A mile down the road Bud turned West through the cattle guard and headed down the washboard lease road. Mr. Mac looked out at the bare mesquite bushes to see if he could see a sprig of green on their branches, a sure sign that there would not be another freeze this year. "I sure hope it doesn't freeze tonight, It'll ruin the cement if it freezes before it sets," Mr. Mac said.

"Don't matter, nobody will ever see it under that tank," Buck responded.

"It does matter, it matters to me that we do a good job," Mr. Mac said "but there's not much we can do about it. The tank has to be finished by Saturday. Maybe if we pour it early enough today it'll be OK."

About four miles down the bone jarring lease road Bud pulled the truck up to the location. The men rolled out of the truck and started to unload the material. Mr. Mac went about gathering firewood in a 5-gallon bucket. The fire would be used to keep warm during breaks and later would be used to melt pitch for corking the bottom and the head.
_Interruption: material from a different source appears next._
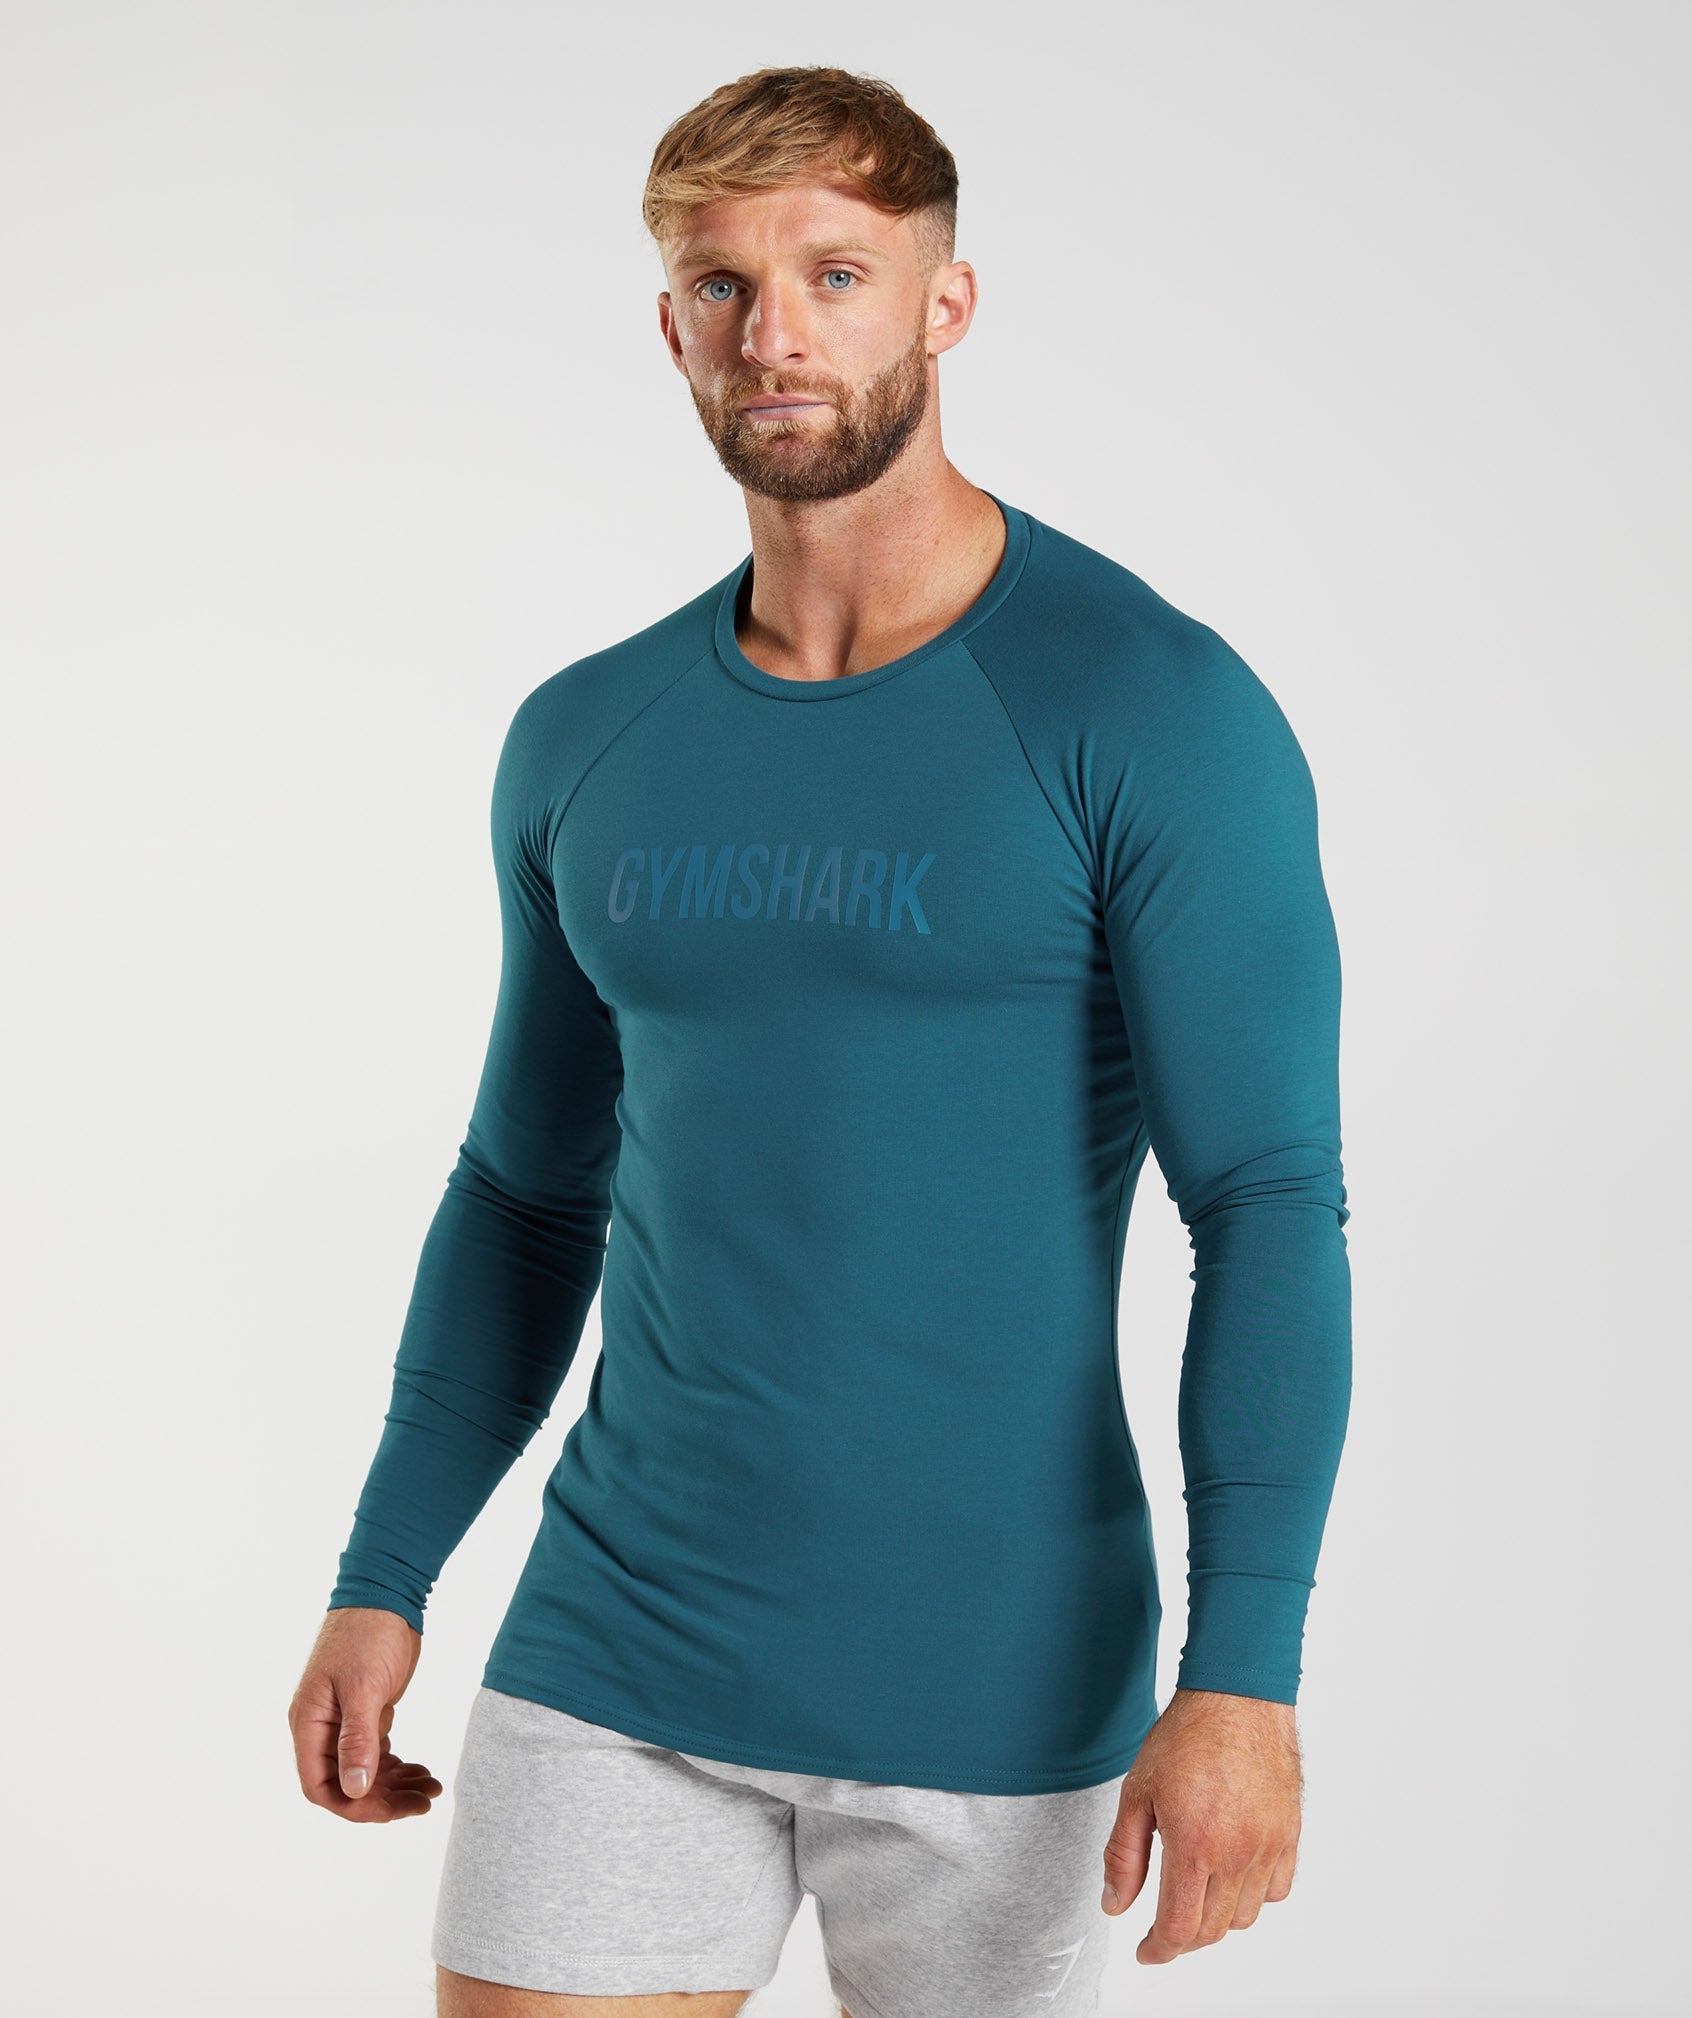 Gymshark Shirt Men Extra Large Navy Blue Logo Athletic Stretch Basic Tee  T-Shirt

The men went methodically about there task stacking the 12 inch by 3 inch by 12 foot long redwood boards to be used for the floor and head in one stack, the fir shiplap lumber for the sun deck stacked in yet another stack. The 4 inch by 3 inch x 16-foot redwood staves are stack around the pad location like spokes in a wheel. This was so they would be ready to stand up when time came to stave up. The heavy cast iron clean out came off the truck lasts. It takes at least three men to maneuver it safely out of the way until needed. It's one of the last pieces installed. That probably won't be until Saturday.
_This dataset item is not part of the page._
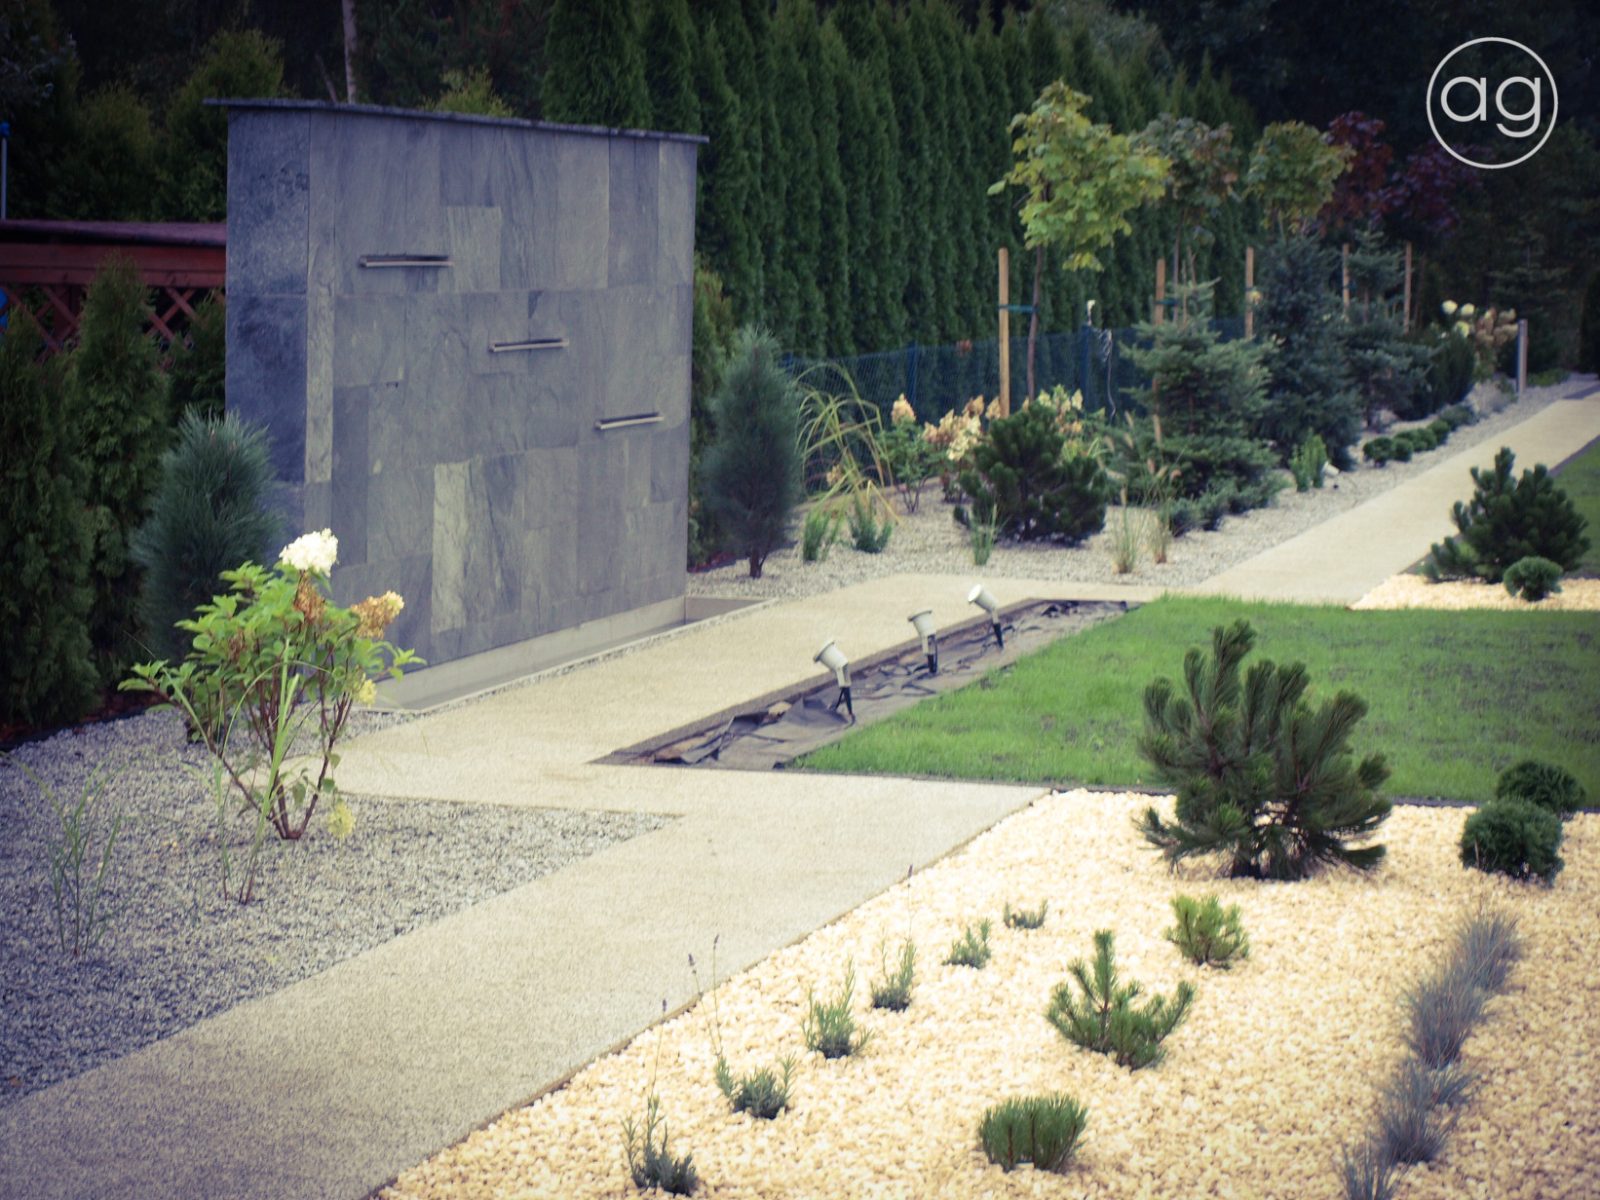 ściana wodna w ogrodzie, kaskada, agnieszkagertnerblog, Agnieszka Gertner, projektowanie ogrodów

Before the truck was completely unloaded, Bud started looking for a piece of redwood to use for a center stake. This is the stake that all measurements for roundness of the cement pad would be taken. Carpenters deal with things being perfectly square and so do Tank Coopers, but more importantly some things had to be perfectly round. The stake was about three inches square and eighteen inches long. Long enough to stay in the ground while the sweep was used to level the forms and later smooth the concrete. The sweep is a long piece of heavy angle iron with a small nail hole in one end. The center stake is driven in the exact center of the pad and the sweep is anchored in the top of the center stake with 10-penny nail. Bud sharpened the end to a point like a pencil using a rig builder's hatchet, an advantageous tool that has a hammerhead on one side of the head and a hatchet on the other.
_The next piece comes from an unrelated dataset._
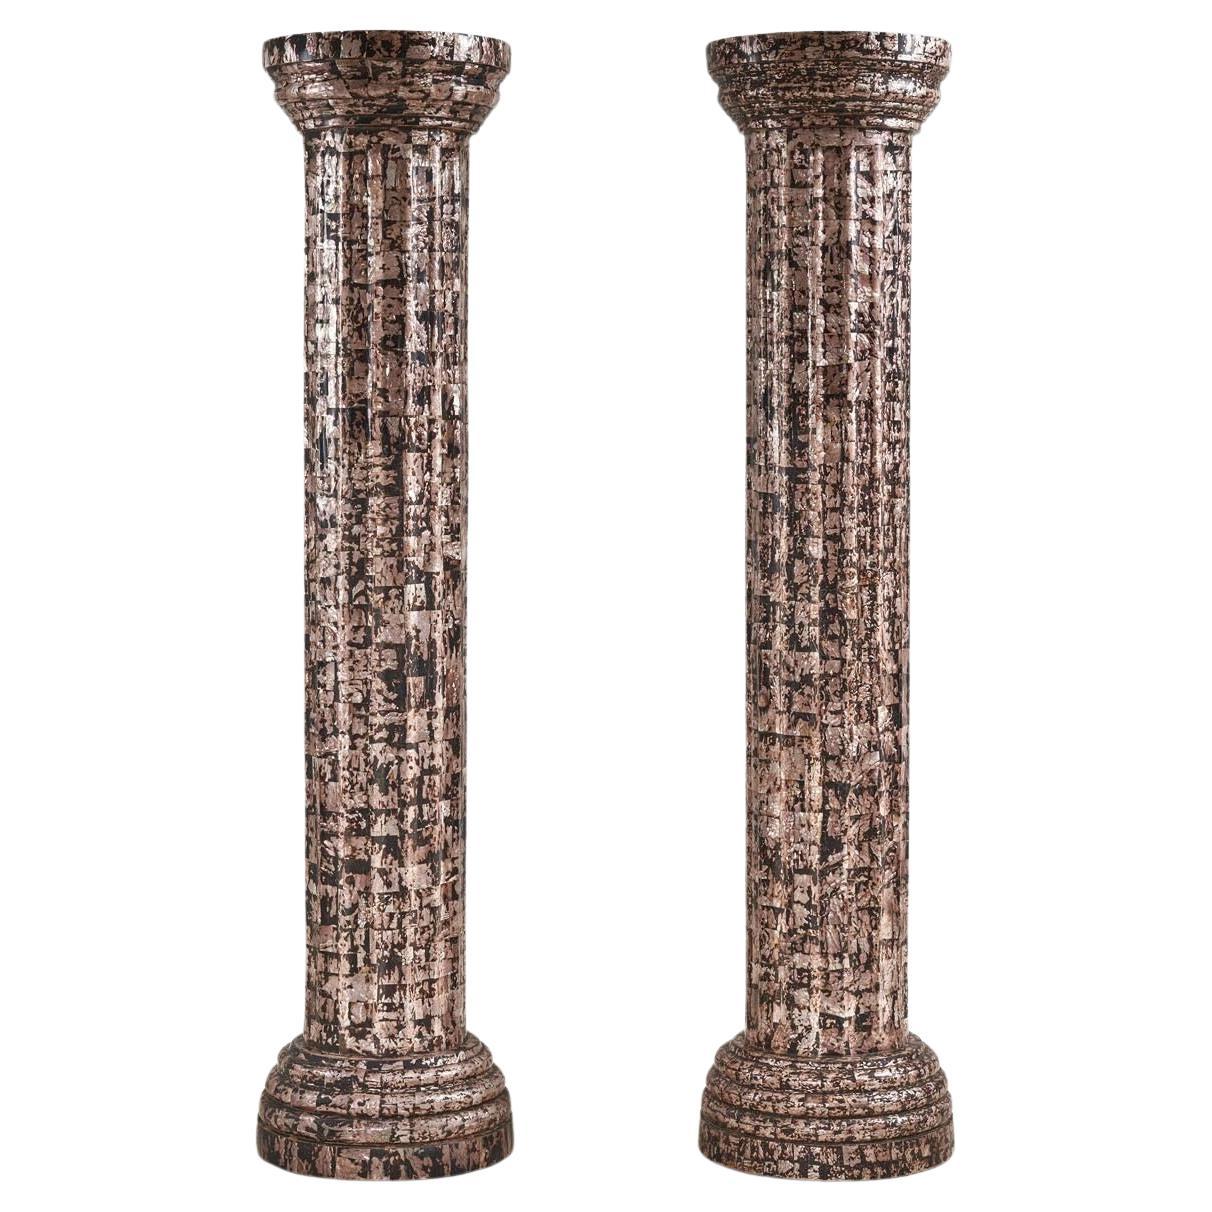 Monumentales colonnes cannelées continentales tesselées en nacre, 1970

"Buck come over here and hold the dumb end of the tape on the side of that other tank so I can get the center measurements," Bud said. Buck held the tape against the adjacent tank at a spot that Bud had already marked by driving a nail into the tank. First one side then on the other. They repeated this procedure a couple of times to make sure it was right. Then Bud, with a 5-pound sledgehammer drove the stake into the center of the pad.

form

The forms for the cement pad are made of galvanized steel six inches high and four feet long. On the end of each form are three holes to bolt them together. Normally hauled around bolted together in pairs, The crew drags them around the center post in approximately the circumference of the pad. After they are laid out, the crew begins bolting them together. A 50' Lufkin tape measure hooked to the nail in the top of the center stake is used to line the cement forms into an exact circle. The forms are held in place by driving stakes on each side of the forms.

Wooden forms for the troughs are built and staked to the middle of the cement pad to allow a place for the blocks to rest. The blocks are under the bottom boards and provided a place for the post to be landed in. And the work went on¼

"Pick up your feet boys, we're trading daylight for dark," Mr. Mac chided the men to work on.